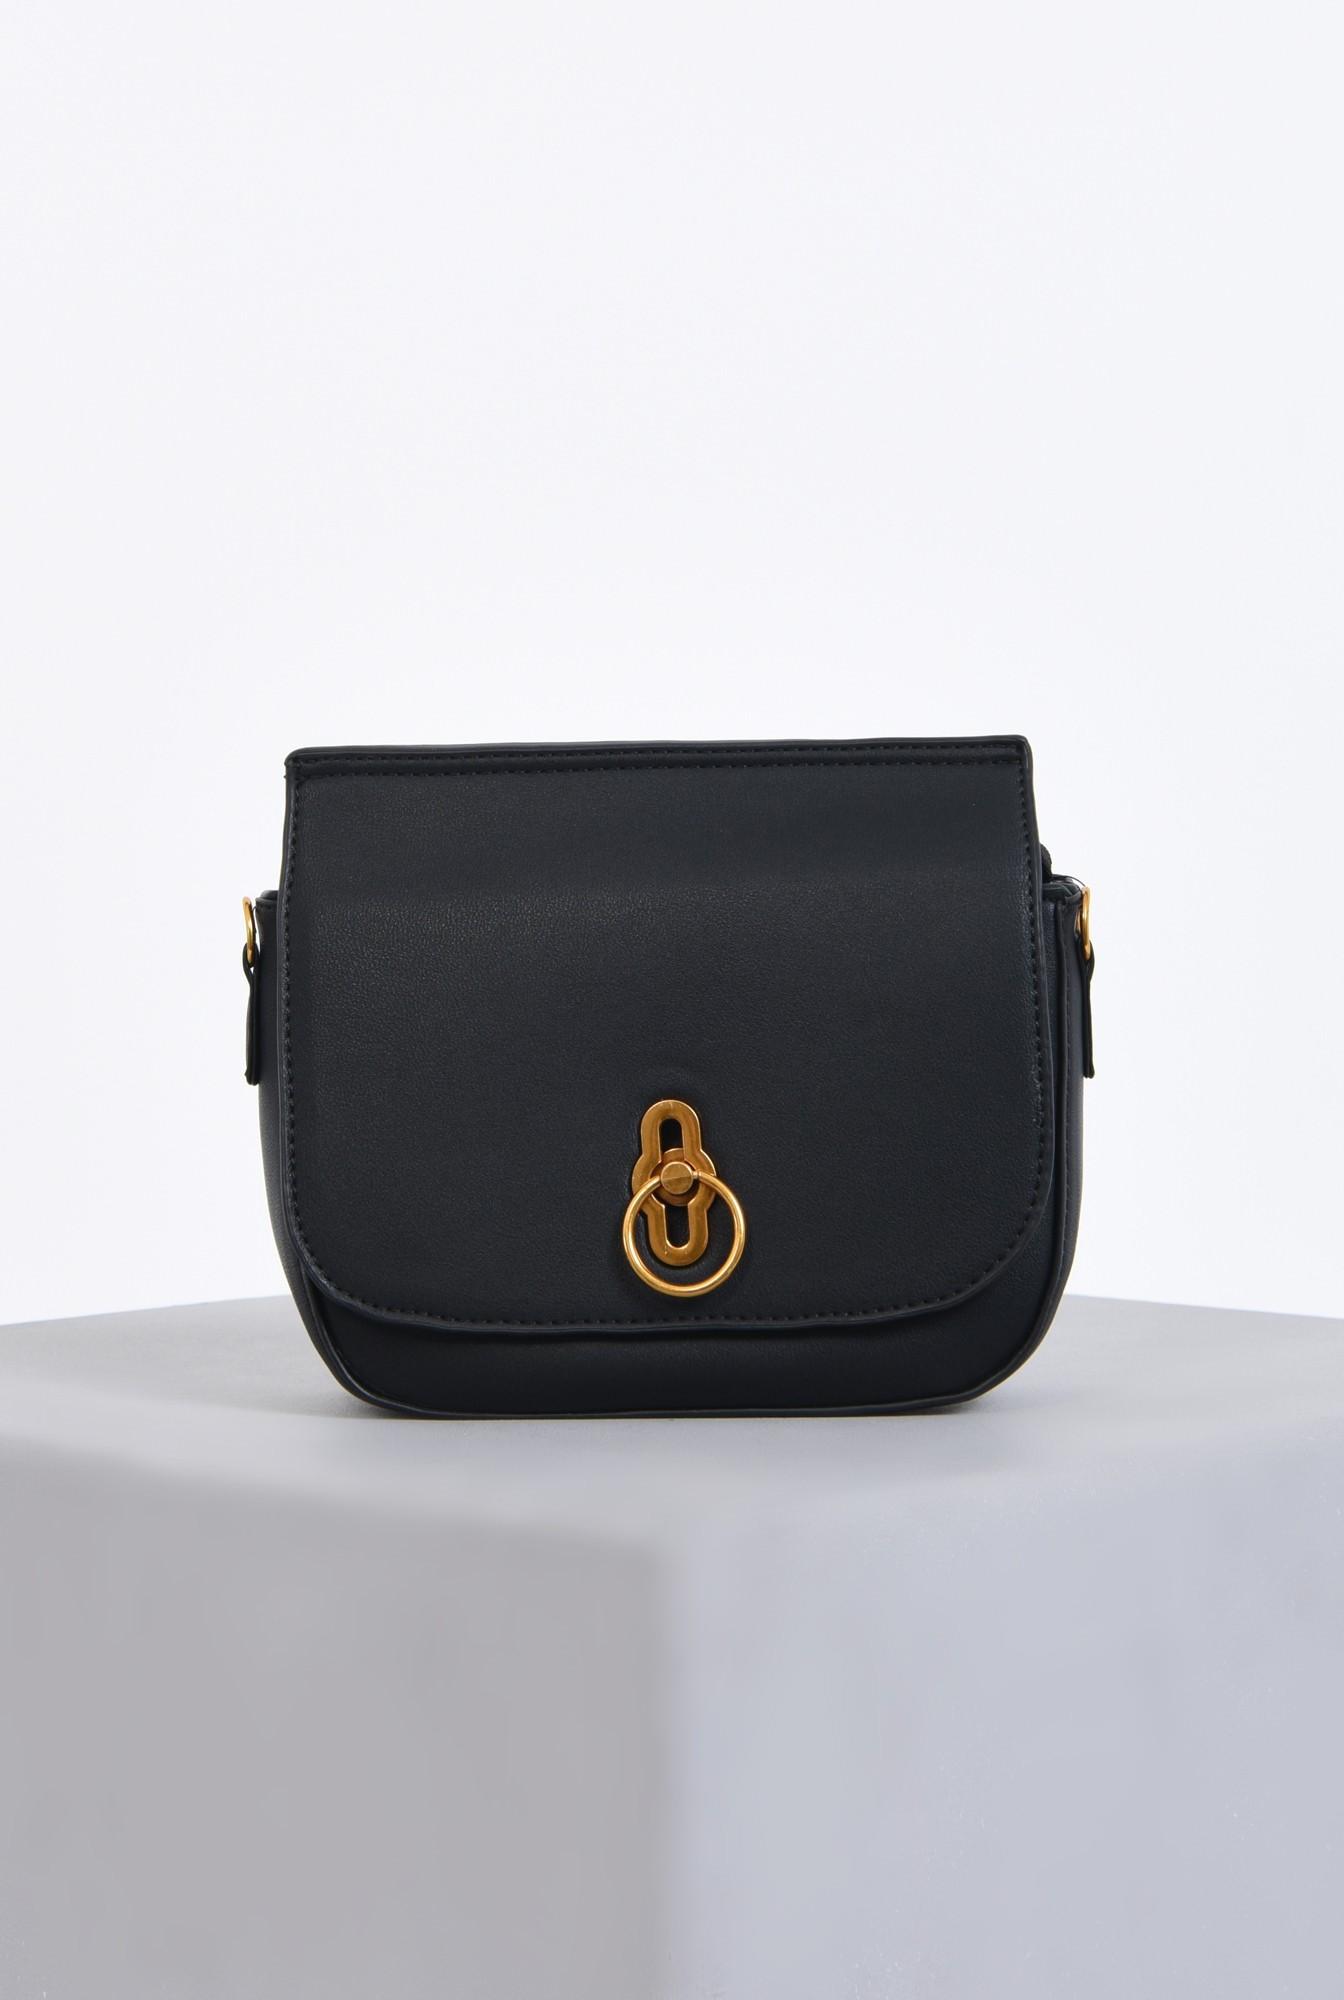 0 - geanta casual, mini, bareta detasabila, negru
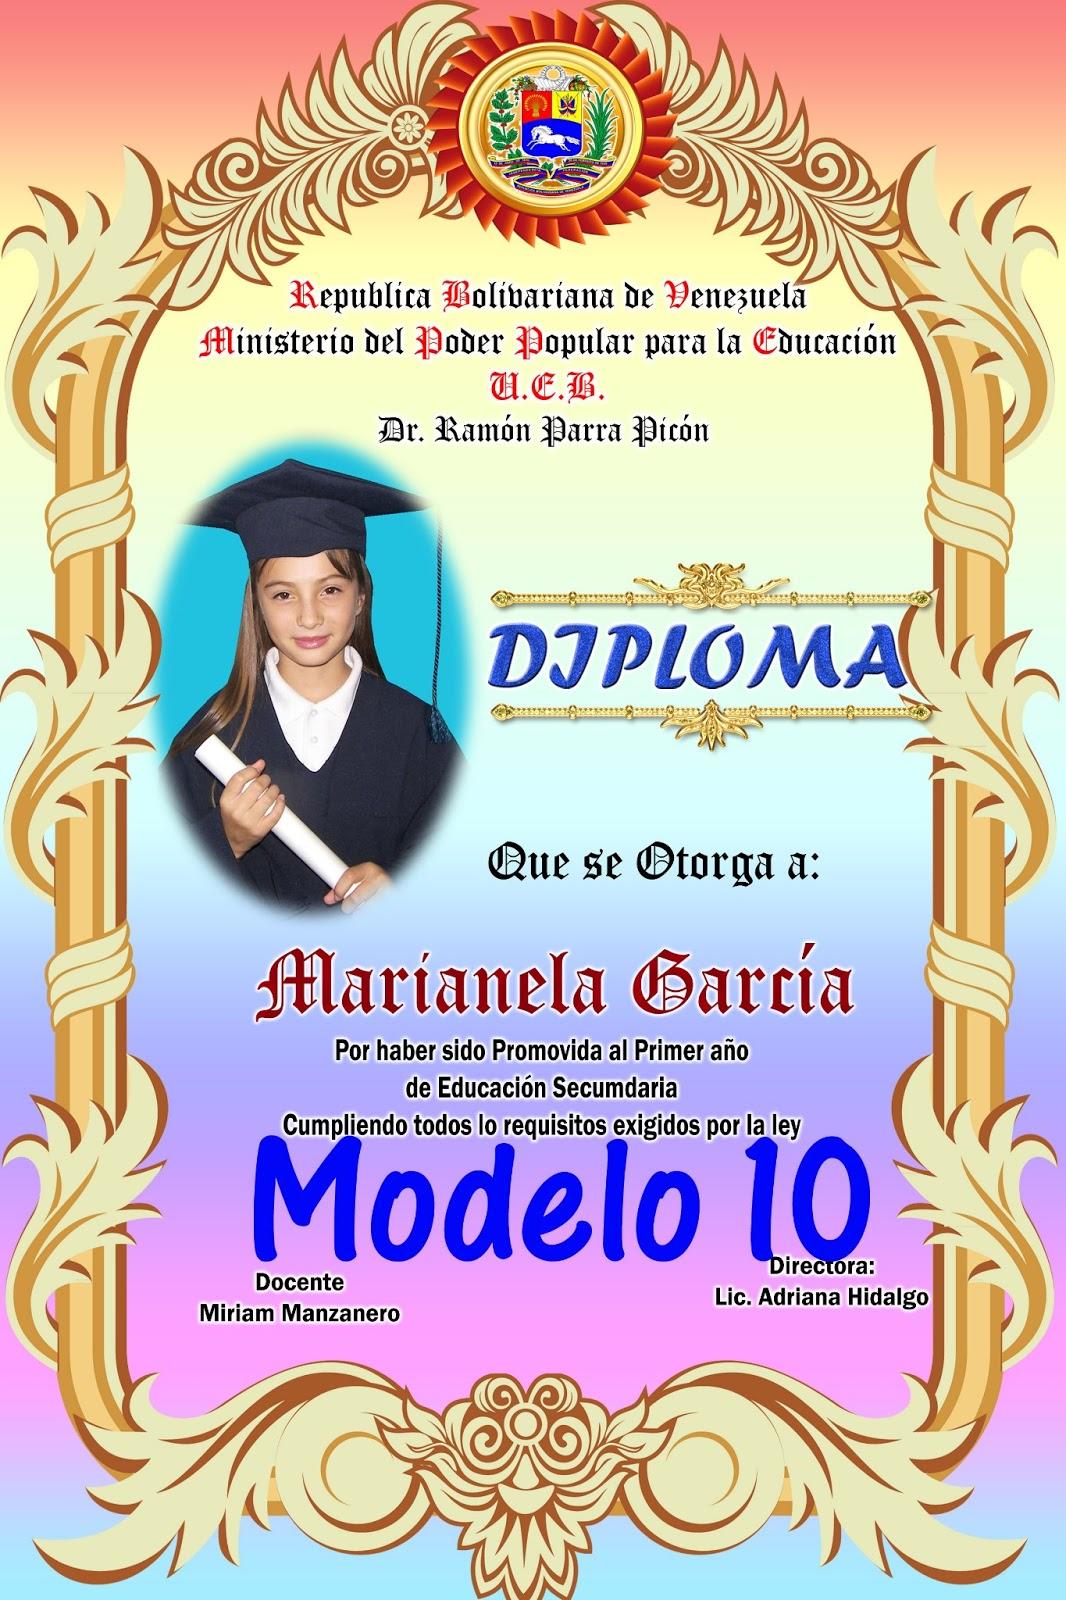 Diplomas Sexto Grado | Fotografia y Diseño
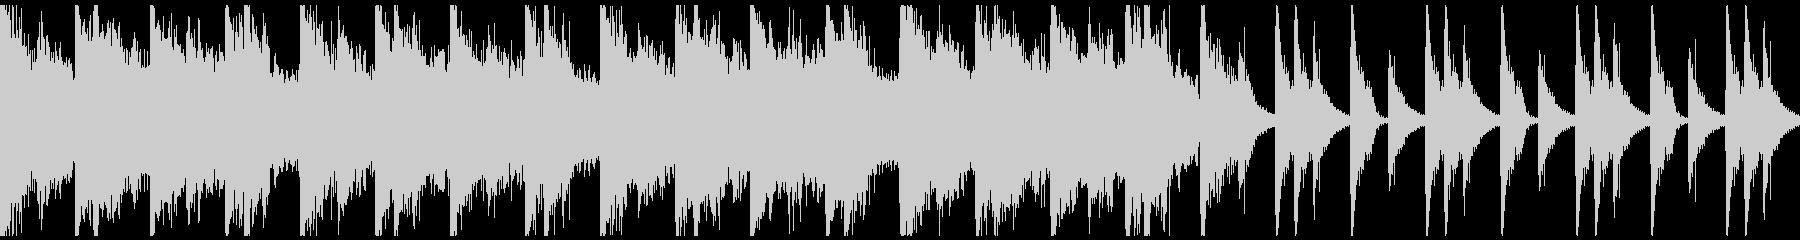 勇壮クラップ&ストンプのロック/ループの未再生の波形

Exercise instructions:
With pictures left out, extract the lines from the one containing "Diplomas Sexto Grado | Fotografia y Diseño" to the end of the material above, both included, exactly as written.

Solution below:
 Diplomas Sexto Grado | Fotografia y Diseño
 勇壮クラップ&ストンプのロック/ループの未再生の波形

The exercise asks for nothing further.